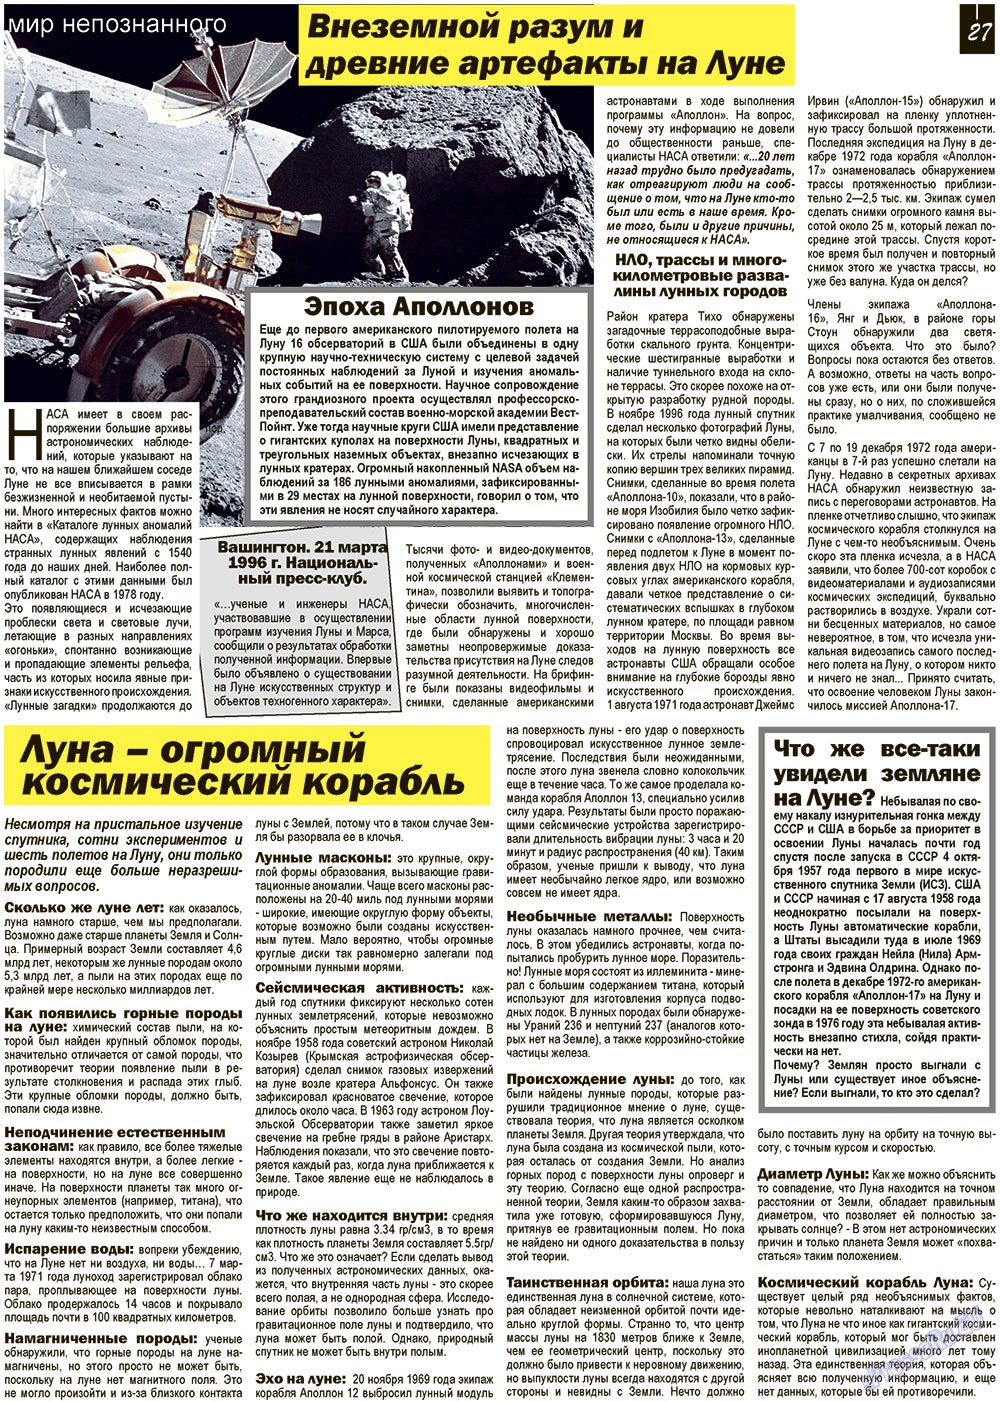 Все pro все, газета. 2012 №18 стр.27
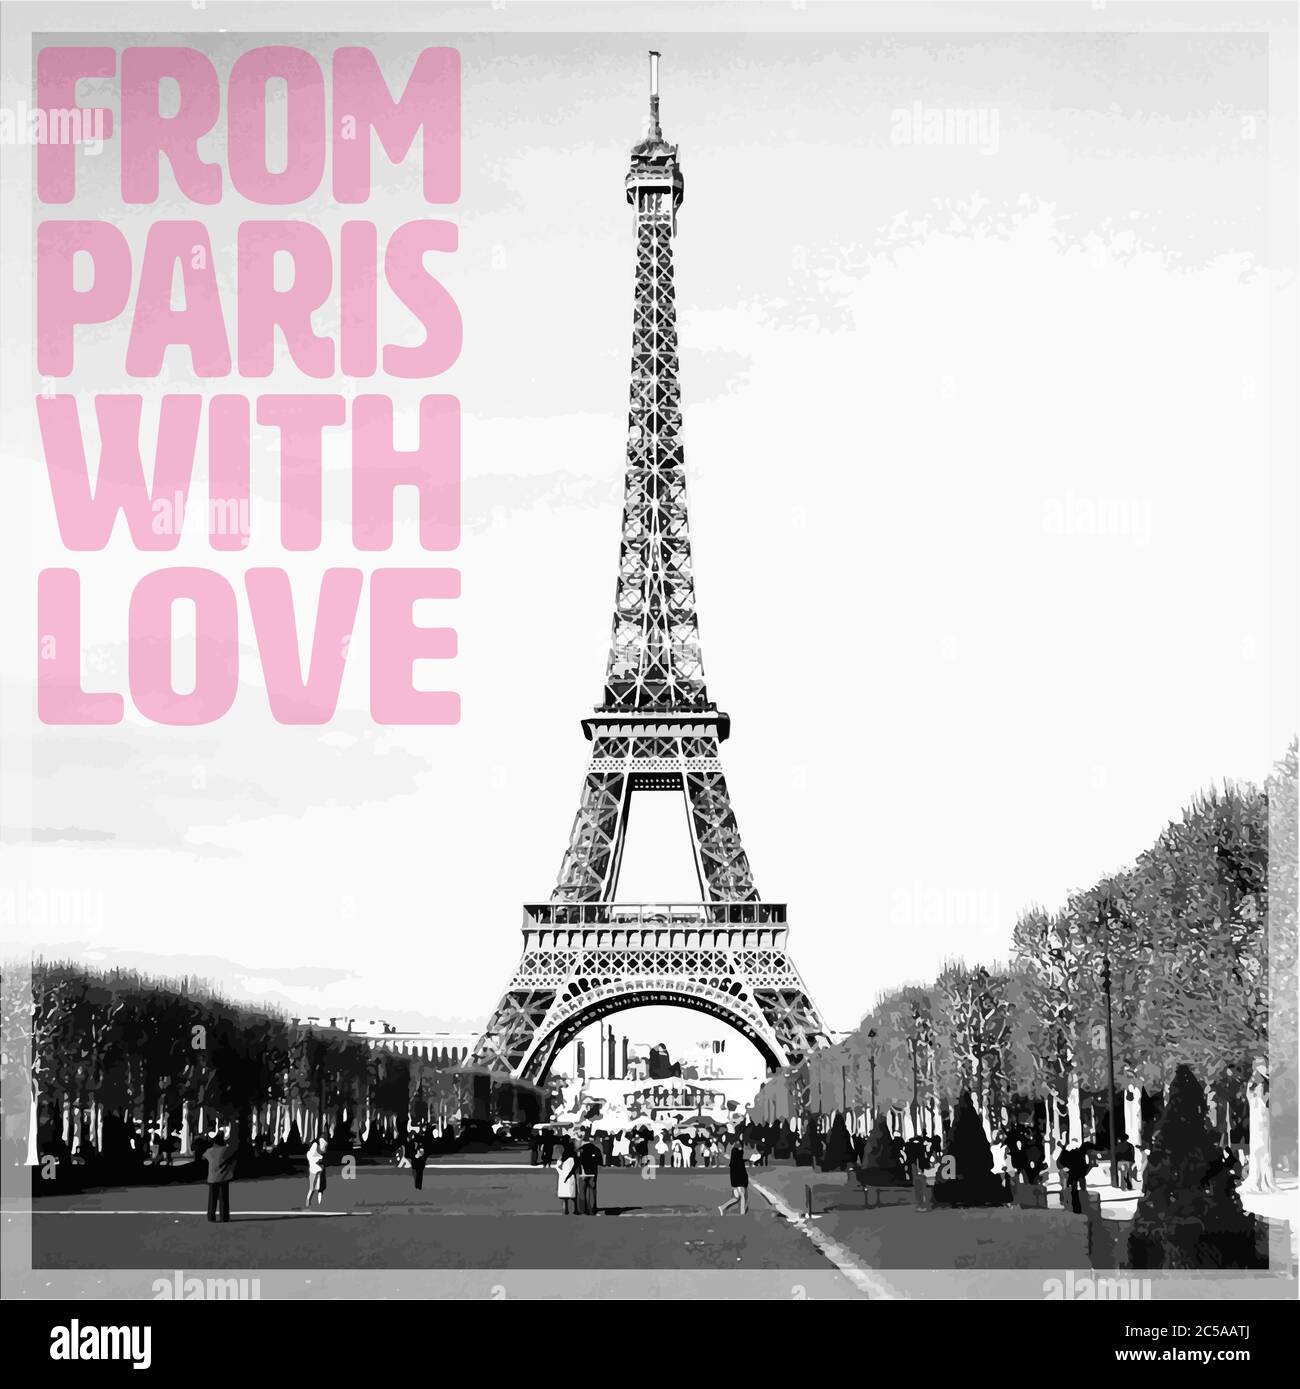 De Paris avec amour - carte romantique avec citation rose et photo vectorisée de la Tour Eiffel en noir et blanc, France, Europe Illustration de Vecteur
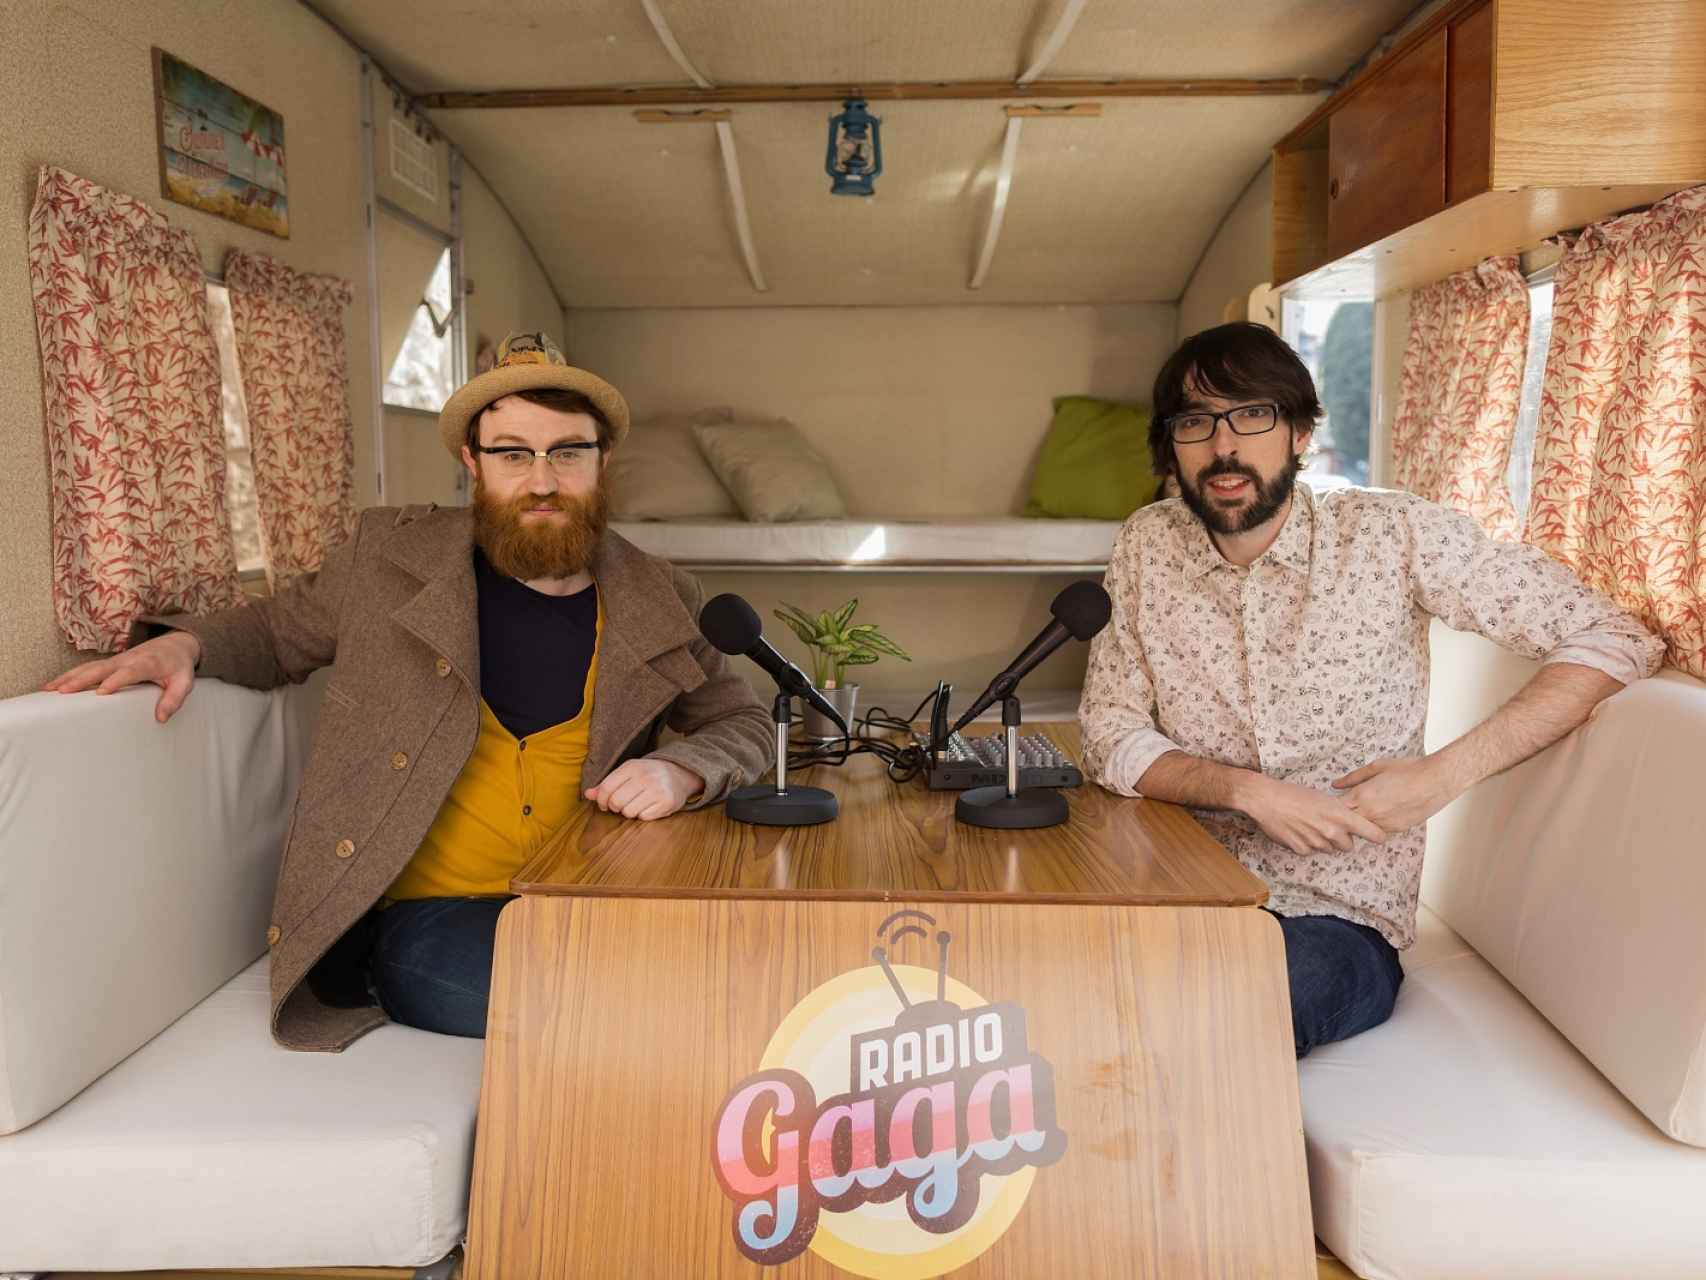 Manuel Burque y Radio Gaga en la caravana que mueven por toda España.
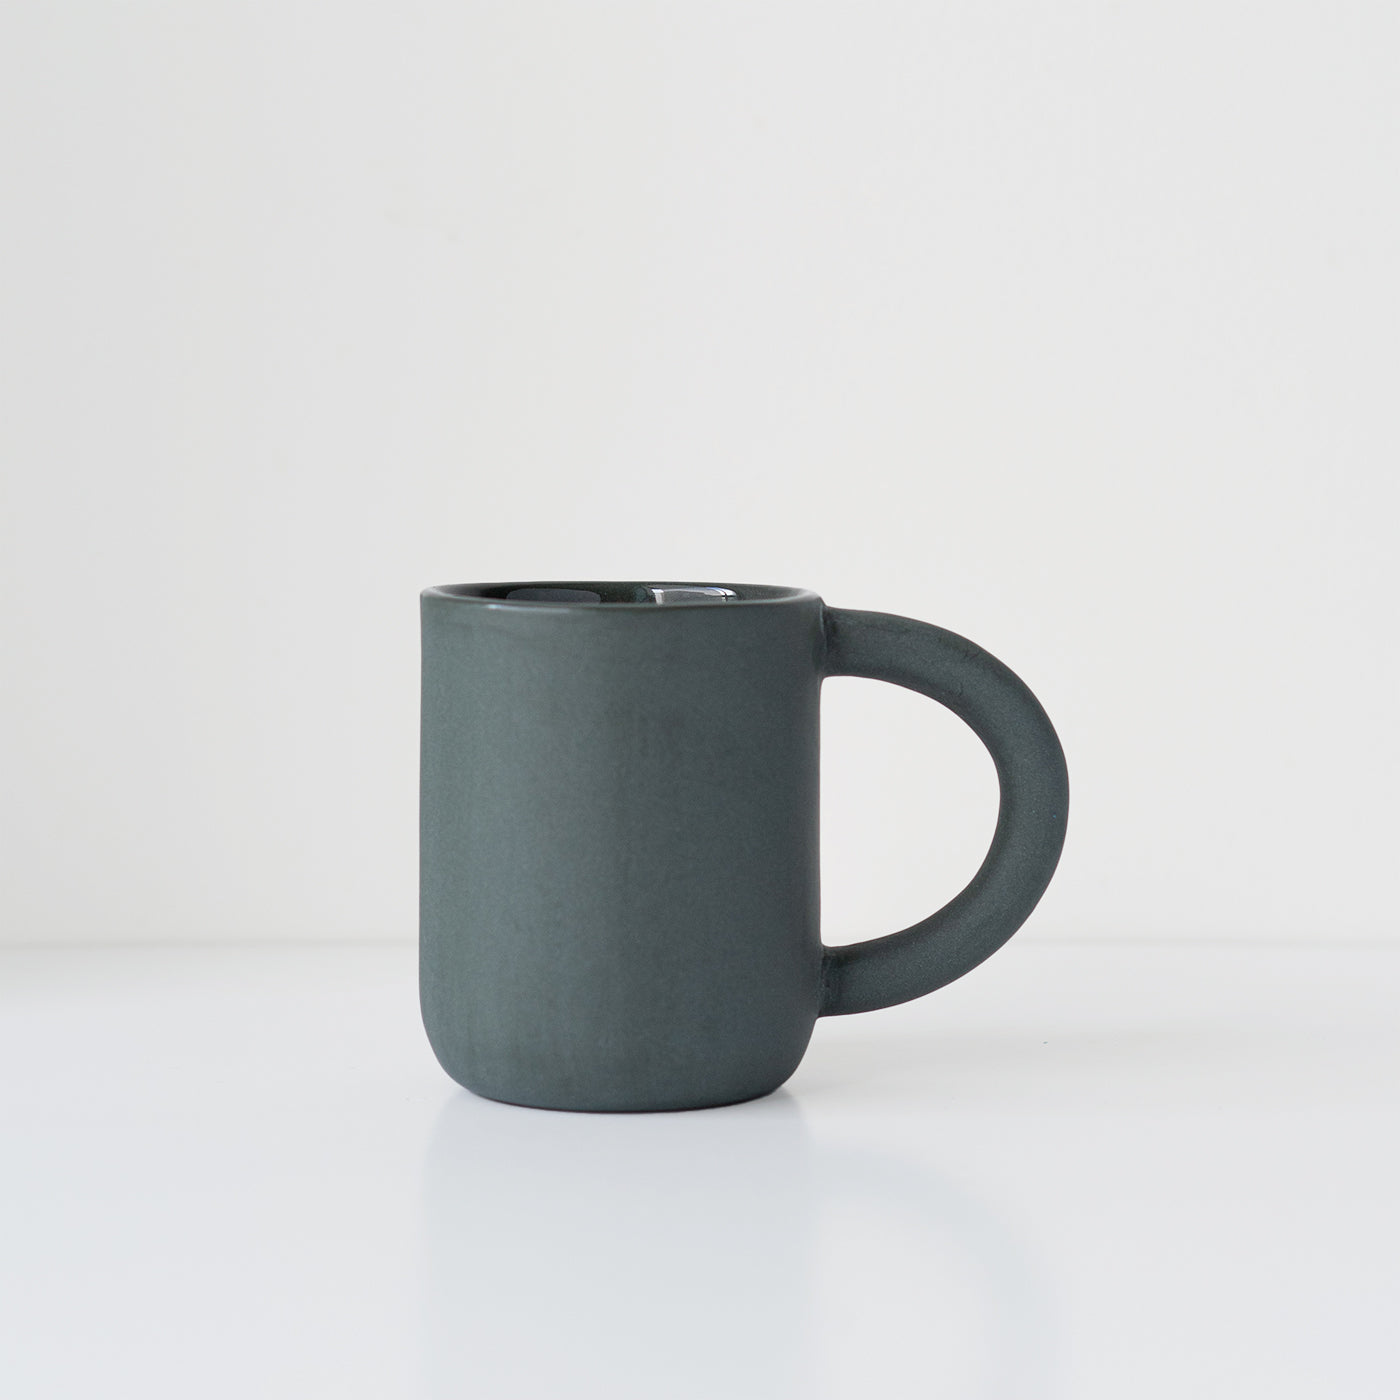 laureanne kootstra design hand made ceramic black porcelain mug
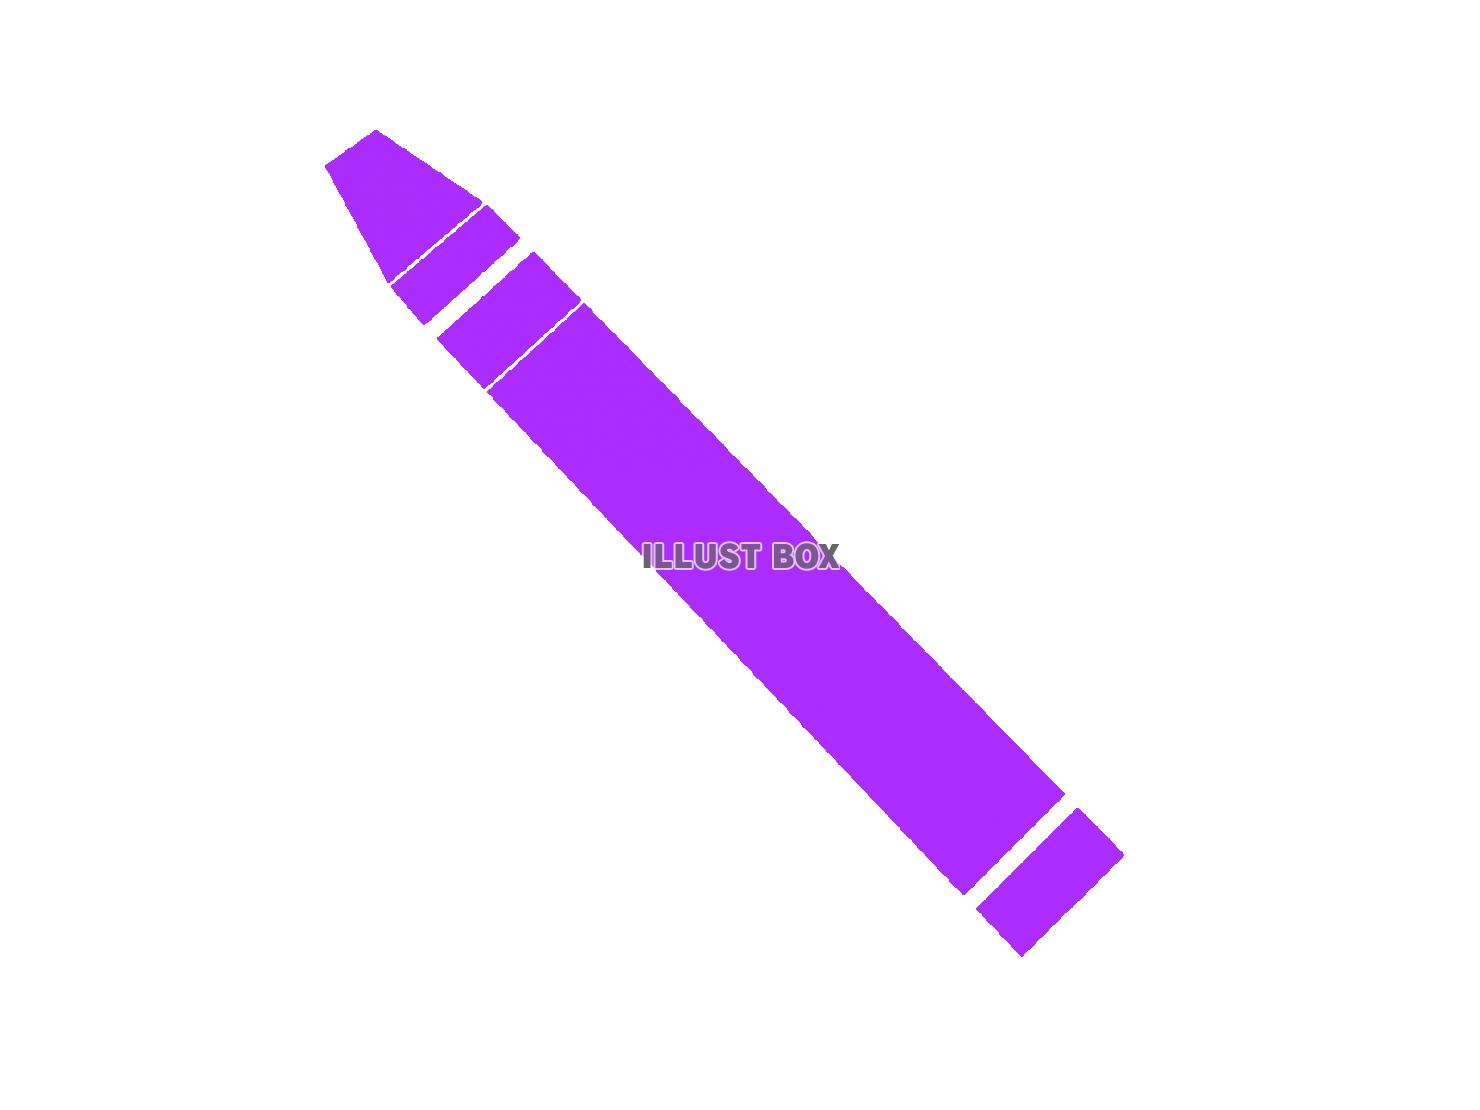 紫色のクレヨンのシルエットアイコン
☆ ☆ ☆ ☆
Every line from the one containing "Manuel Burque y" through the last line of the data is to be retyped exactly, with nothing added and no pictures included.

→ **Solution for this task**
 Manuel Burque y Radio Gaga en la caravana que mueven por toda España.
 laureanne kootstra design hand made ceramic black porcelain mug
 紫色のクレヨンのシルエットアイコン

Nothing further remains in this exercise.